In all of the code that follows, we will now divide the data into three parts:  **training** (60%), **validation** (20%) and **test** (20%). In the python code, we refer to these subsets as: 

| Subset      |  Pct.  |  X code var     | Target code var |
|-------------|--------|-----------------|-----------------|
| training    |  60%   |  X_train_train  | y_train_train
| validation  |  20%   | X_train_val     | y_train_val
| testing     |  20%   | X_test          | y_test


In [None]:
# Split data into "train", "validation", and "test" 
X_train, X_test, y_train, y_test = train_test_split(X, y, test_size=0.2, random_state=SEED)
X_train_train, X_train_val, y_train_train, y_train_val = train_test_split(X_train, y_train, test_size=0.25, random_state=SEED)
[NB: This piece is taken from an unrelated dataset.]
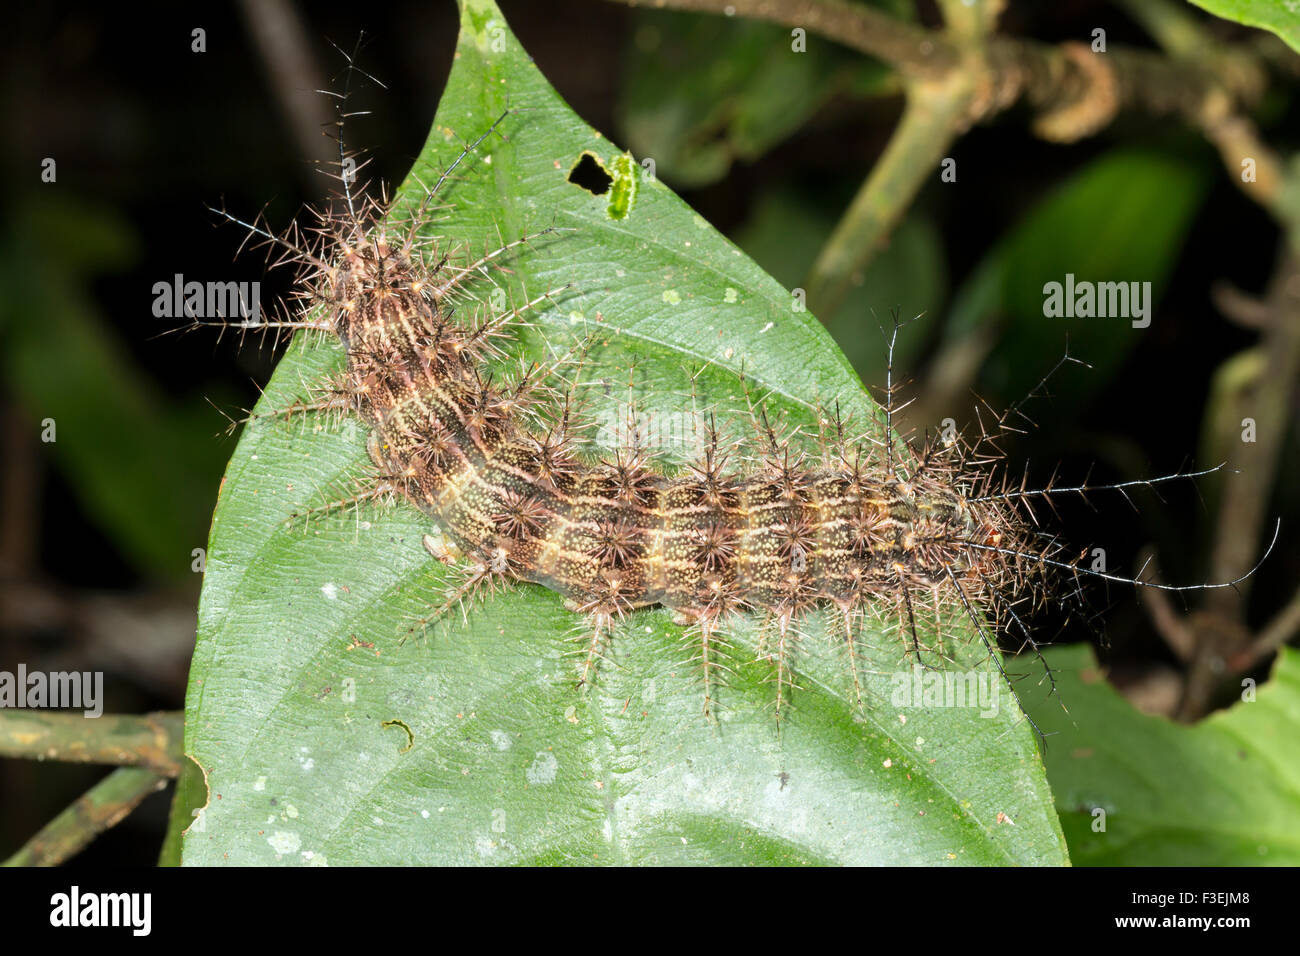 Larva of a moth, family Saturniidae with venomous stinging hairs in the rainforest, Ecuador Stock Photo

## **Part 2**: Logit Model with L1 Regularization ("Lasso")

In [None]:
# Build pipeline (not striclty necessary as pipeline only contains one step)
estimators = []
estimators.append(('logit_model_l1', LogisticRegression()))  # tell it to use a logit model
pipeline = Pipeline(estimators) 
pipeline.set_params(logit_model_l1__penalty='l1')            # tell it to regularize with L1 norm
pipeline.set_params(logit_model_l1__solver='liblinear')      # tell it to use the liblinear solver (see)

# Tune C  
results = []
for c in np.logspace(-4, 5, 10):
    pipeline.set_params(logit_model_l1__C=c) 
    pipeline.fit(X_train_train,y_train_train)
    y_train_pred = pipeline.predict_proba(X_train_val)       # use validation set during hyper-parameter tuning
    auc_lml1 = roc_auc_score(y_train_val, y_train_pred[:,1])   
    results.append( (auc_lml1, c)  )
logit_model_l1 = pipeline.named_steps['logit_model_l1']      # capture model so we can use it later

# View results 
print('C'.center(12), '   ', 'AUC'.center(8), '\n', '=' * 25)
for (auc, c) in results:
    print('{0:.4f}'.format(c).rjust(12), '   ',  '{0:.4f}'.format(auc).center(8))

In [None]:
# Select best C       NOTE: The "best" C does not have to have the highest AUC
best_C = 0.100        # perhaps select a lower C with a slightly lower AUC so Lasso will find a simpler model

In [None]:
# Test final model 
pipeline.set_params(logit_model_l1__C=best_C)
pipeline.fit(X_train,y_train)
y_prob_logit_lasso = pipeline.predict_proba(X_test)
fpr_logit_lasso, tpr_logit_lasso, _ = roc_curve(y_test, y_prob_logit_lasso[:, 1])
best_auc_logit_lasso = roc_auc_score(y_test, y_prob_logit_lasso[:,1])
print('L1 Regularized Logit Model: Final test score for C = {0:.4f} has AUC = {1:.4f}'.format(best_C, best_auc_logit_lasso))

In [None]:
plot_roc(fpr_logit_lasso, tpr_logit_lasso, 'ROC Curve for L1 Regularized Logit Model', 'AUC = %2.4f' % best_auc_logit_lasso)

In [None]:
# Compare coefficients between a standard logit model and a regularized logit model, to see how Lasso drops predictors
logit_model = Pipeline([('s', StandardScaler()), ('m', LogisticRegression())]).fit(X_train_train, y_train_train).named_steps['m']
print('REGULARIZATION'.center(20), 'NONE'.center(10), 'L1'.center(10))
print('=' * 50)
for (varname, lm_coef, lml1_coef) in zip(features, logit_model.coef_[0], logit_model_l1.coef_[0]):
    lm_coeff  = "{0:.4f}".format(lm_coef).rjust(10)
    lml1_coef = "{0:.4f}".format(lml1_coef).rjust(10) if abs(lml1_coef) > 0.0001 else ""
    print(str(varname).center(20), lm_coeff, lml1_coef)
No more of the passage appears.